California consumers have the right to know how your AI uses their data, demand deletion from trained models, and opt out of AI-driven profiling. Most businesses aren't ready to honor these requests — here's what compliance actually requires.

45 Days
Maximum time to respond to a verified CCPA data access or deletion request
$7,500
Maximum civil penalty per intentional CCPA violation (CPPA-enforced)
100K+
California consumers who have filed CCPA data access requests since 2023

Why AI Makes CCPA Harder to Comply With

CCPA's consumer rights framework was written before businesses were routinely training models on customer data and using AI to make inferences about individual users. The rights themselves — access, deletion, correction, opt-out — are straightforward in a database context. They become genuinely difficult when the personal information has been absorbed into the weights of a neural network.

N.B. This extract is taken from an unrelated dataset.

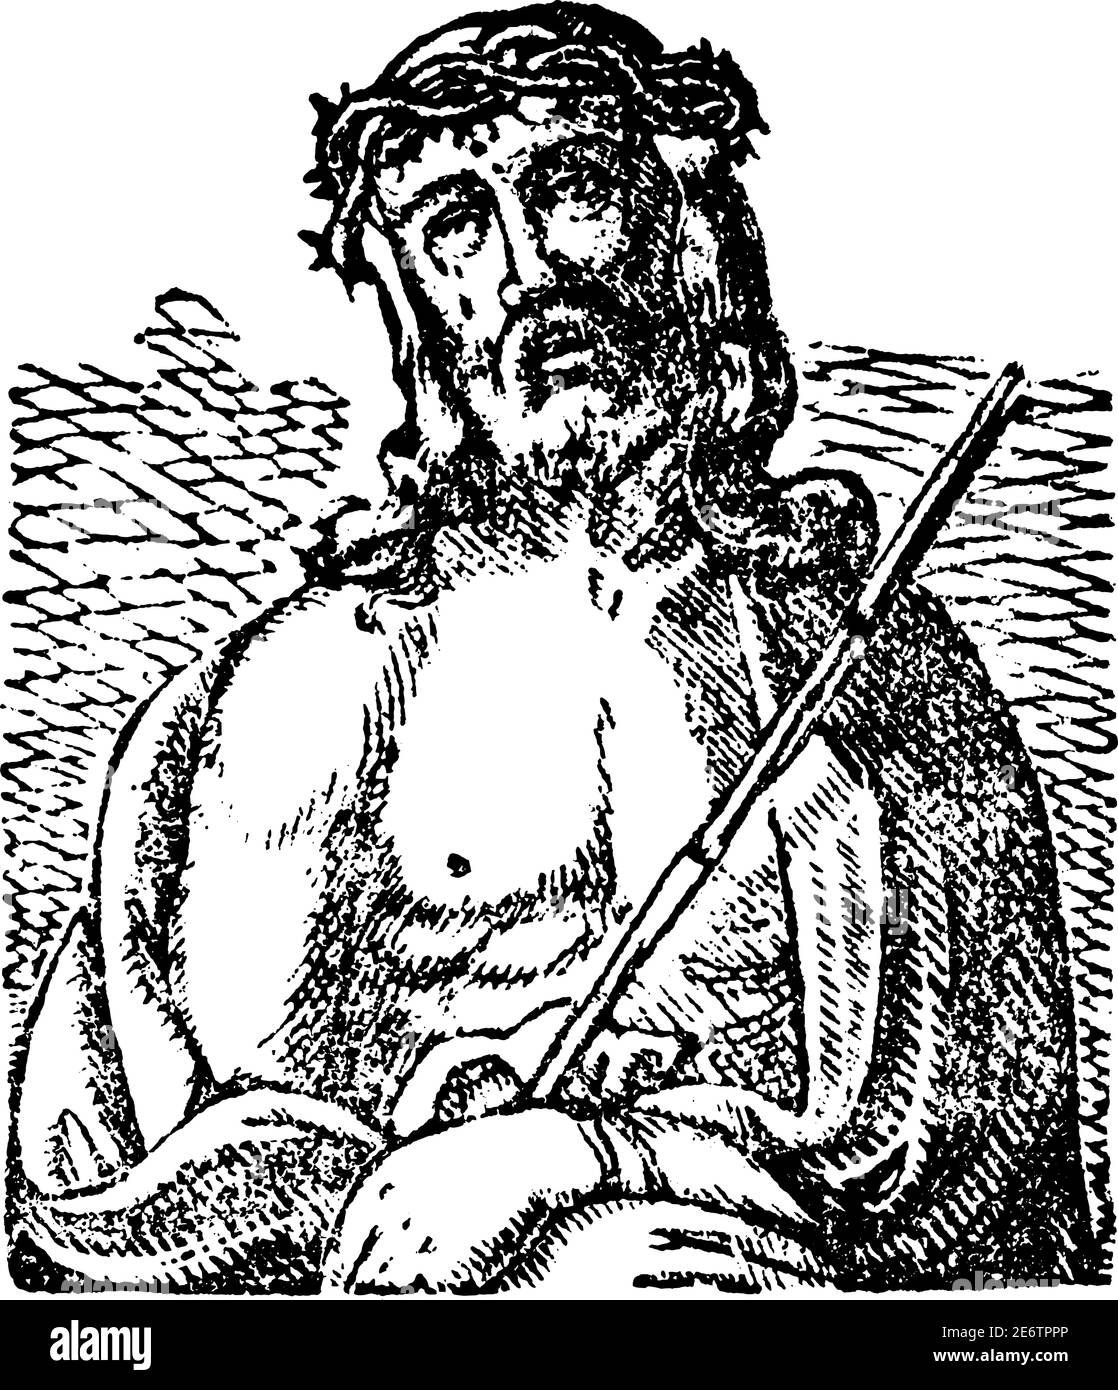 Jesus Christus mit Dornenkrone auf dem Kopf. Antike Vektor vintage christliche religiöse Gravur oder Zeichnung Illustration. Stock Vektor

The core CCPA questions are simple: what data do you hold on a consumer, what are you doing with it, and will you stop if they ask? The AI-specific complication is that "holding data" now includes "learned patterns encoded in a model," and "stopping" may require retraining. California privacy regulators — specifically the California Privacy Protection Agency (CPPA) — are aware of this friction and are actively developing AI-specific guidance.

Businesses that collect California residents' personal information and use it to train, fine-tune, or power AI systems cannot treat CCPA as a database-only compliance exercise. The consumer rights reach the AI use cases too.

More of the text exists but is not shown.